The text also mentions peptide drug discovery strategies, including venomomics and display technologies. The former utilizes bioinformatics to analyze the genomes and transcriptomes of venomous creatures such as venomous snakes, combined with proteomic data obtained from raw venom samples, to identify a large number of potential therapeutic toxin peptides. The latter involves constructing large-scale peptide libraries and screening for high-affinity ligands against specific targets. For example, the cyclic peptide zilucoplan, derived from Ra Pharmaceuticals' mRNA display platform, has entered phase III clinical trials for the treatment of generalized myasthenia gravis.

In terms of medicinal chemistry strategies, researchers are focused on improving the metabolic stability and plasma half-life of peptide drugs by employing techniques such as N-terminal acetylation, N-methylation, the use of D-amino acids or non-natural amino acids, and amide bond analogs (such as thioamides, peptide mimetics, and β-amino acids). Additionally, cyclization from N to C termini and disulfide bond mimetics (specifically thioether bonds) are increasingly being applied in peptide drug design to modify their metabolic stability and bioavailability. Simultaneously, highly stable cyclic structural frameworks such as cyclic thioethers and sunflower trypsin inhibitor analogs can serve as carriers to embed pharmacophores of therapeutic significance into their rings, thereby developing more stable and targeted oral peptide drugs, such as the marketed linaclotide and plecanatide for the treatment of constipation-predominant irritable bowel syndrome.

In the Future Outlook section, the author mentions that the trend in development of peptide drugs is expected to accelerate due to the success of biologics in breaking the traditional notion that drugs must be administered orally. The field of peptide therapeutics has matured and is capable of reliable and rapid scale-up production of structurally complex peptides of up to approximately 100 amino acids, as well as conducting effective structure-activity relationship (SAR) studies and lead compound optimization. Emerging peptide drug discovery technologies can efficiently generate potent candidate compounds with high selectivity and activity in a short amount of time.

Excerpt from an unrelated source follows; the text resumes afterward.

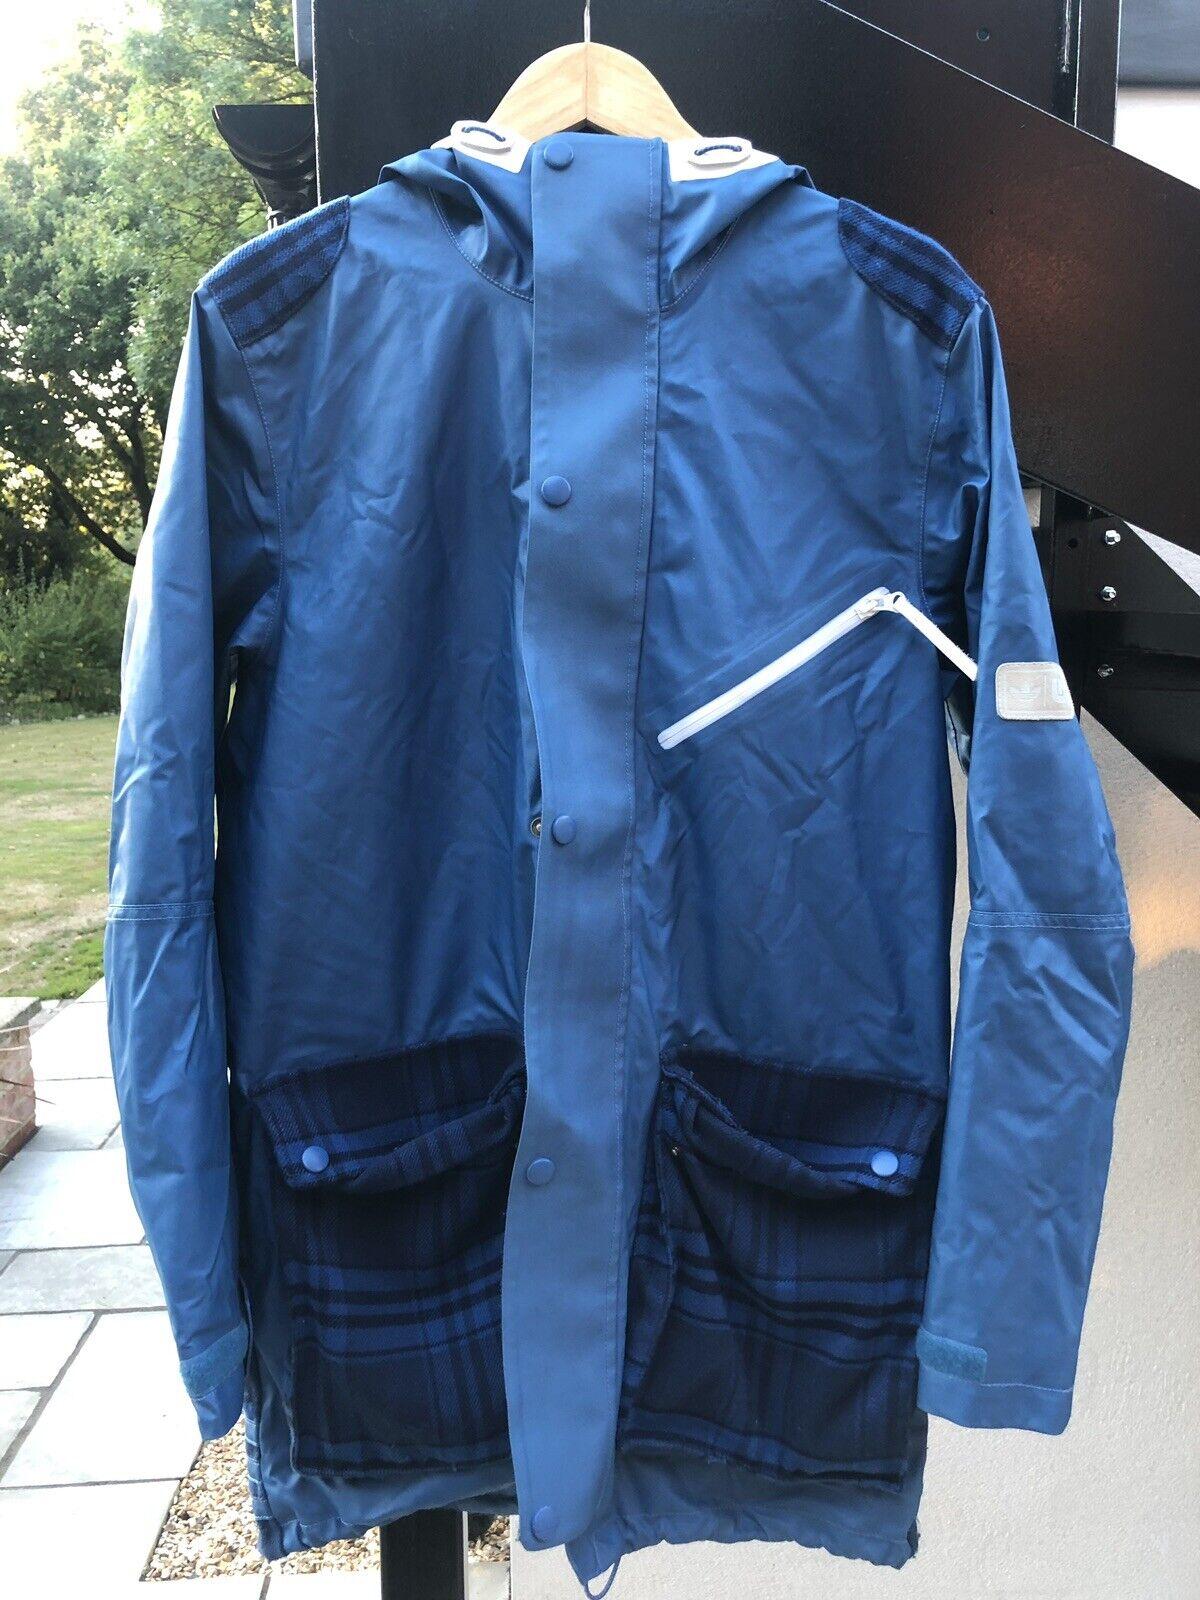 Burton and Adidas Originals, Gluhwein Snowboarding Coat jacket (RARE)
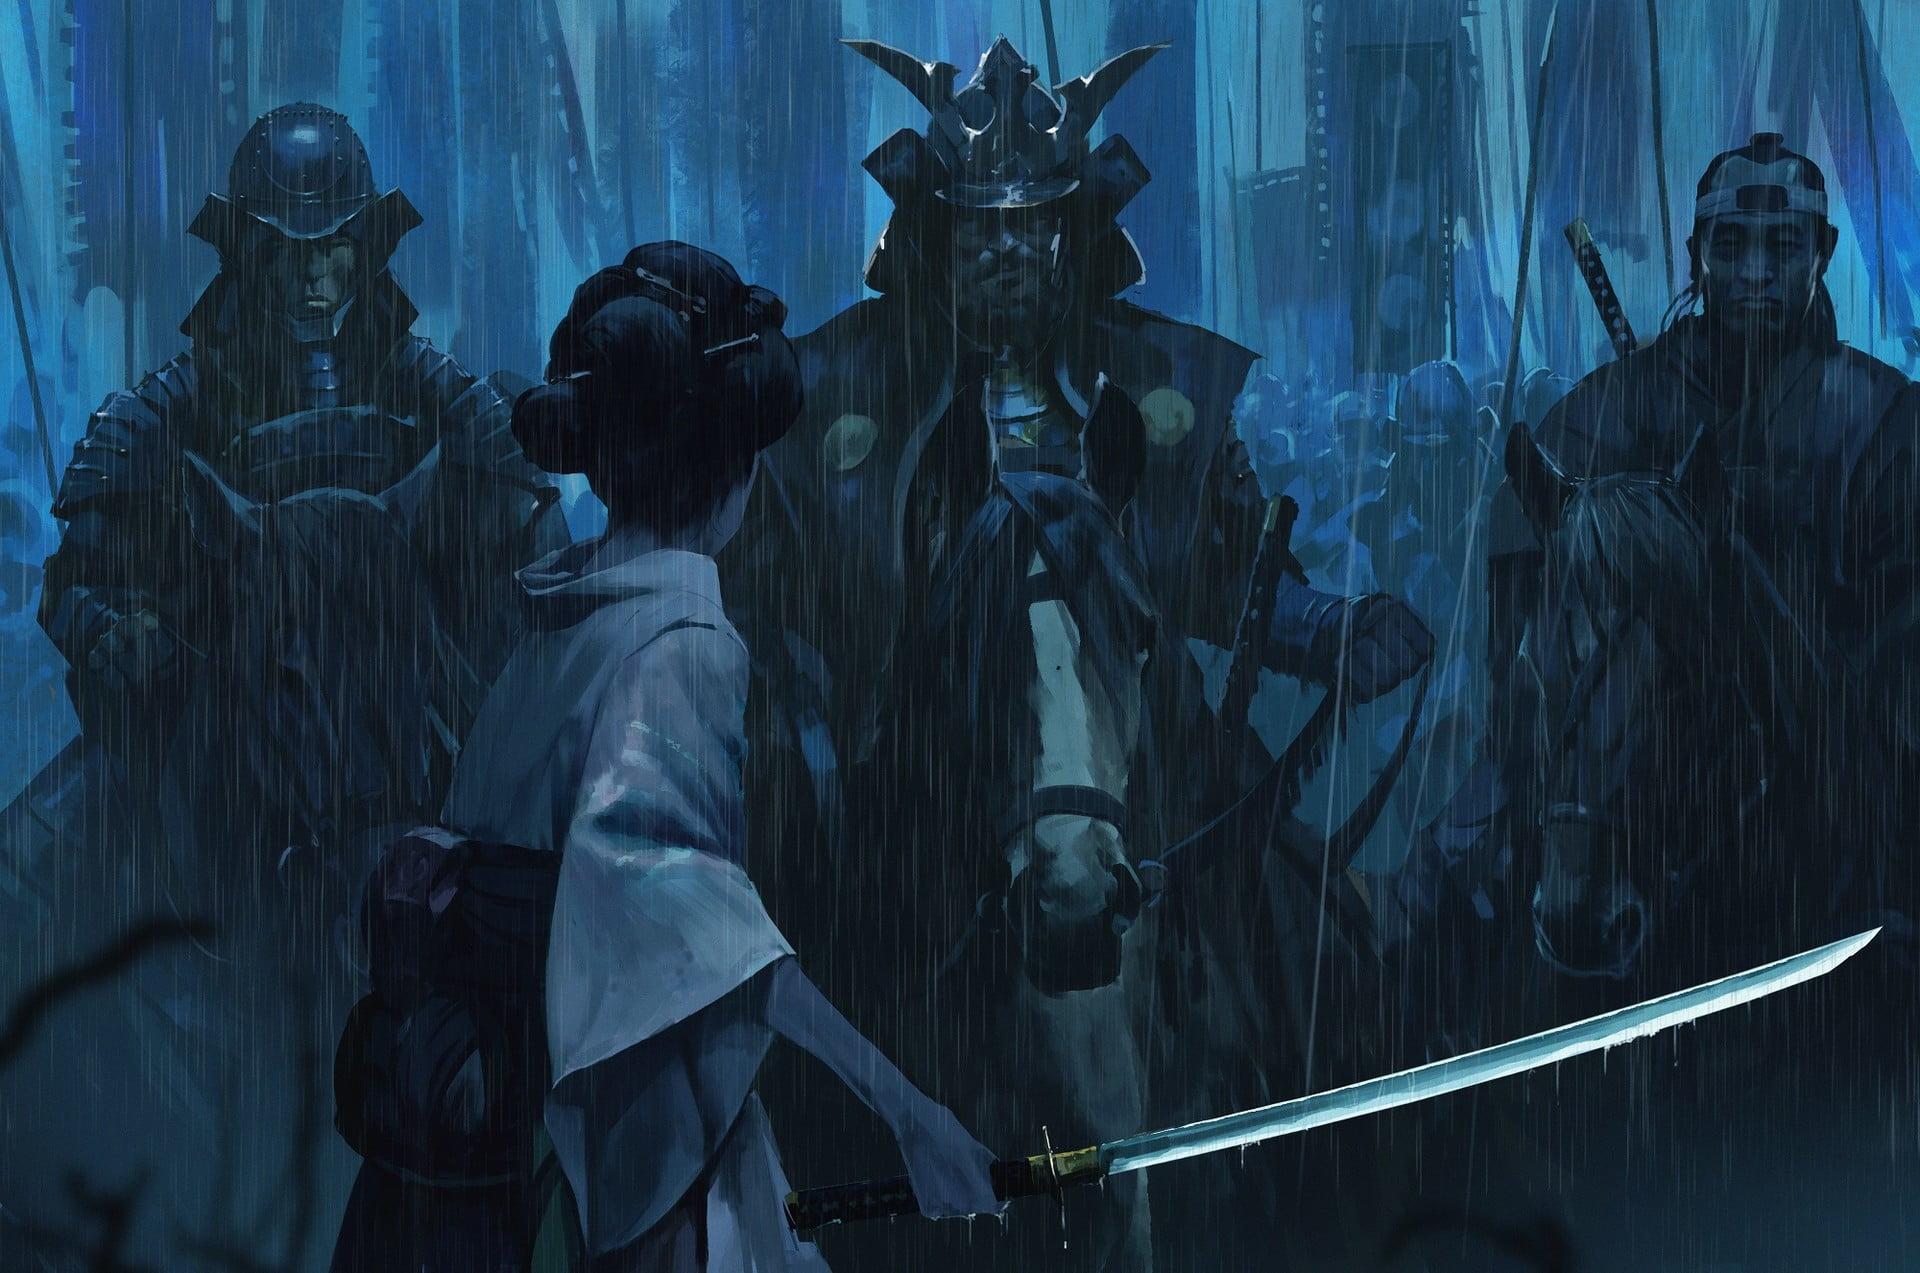 Samurai Wallpaper 4k Posted By John Tremblay

With the integration of novel delivery technologies and innovative chemical strategies, the field of peptide therapeutics is set to continue its robust growth.

Lastly, the author notes that, in particular, antimicrobial, antiviral, and anti-aging peptides have considerable potential for growth in the future. In the cosmetics industry, peptides are gaining increasing attention, as evidenced by market-available products like Argireline, a hexapeptide that acts as a botulinum toxin analogue to reduce wrinkles, the pentapeptide Palmitoyl Pentapeptide-4 (Matrixyl) which helps to mitigate wrinkles by stimulating extracellular matrix renewal in fibroblasts, and GHK-Cu, a natural tripeptide with high copper ion affinity that possesses anti-inflammatory properties and promotes the synthesis of collagen and glycosaminoglycans in skin fibroblasts.

Overall, the steady approval of peptide drugs over the past 60 years has witnessed the growth of this niche, and with advances in new drug discovery and delivery technologies, peptide therapeutics are expected to continue to hold a unique position in the pharmaceutical market, becoming a strong competitor situated between small molecule drugs and larger biological agents.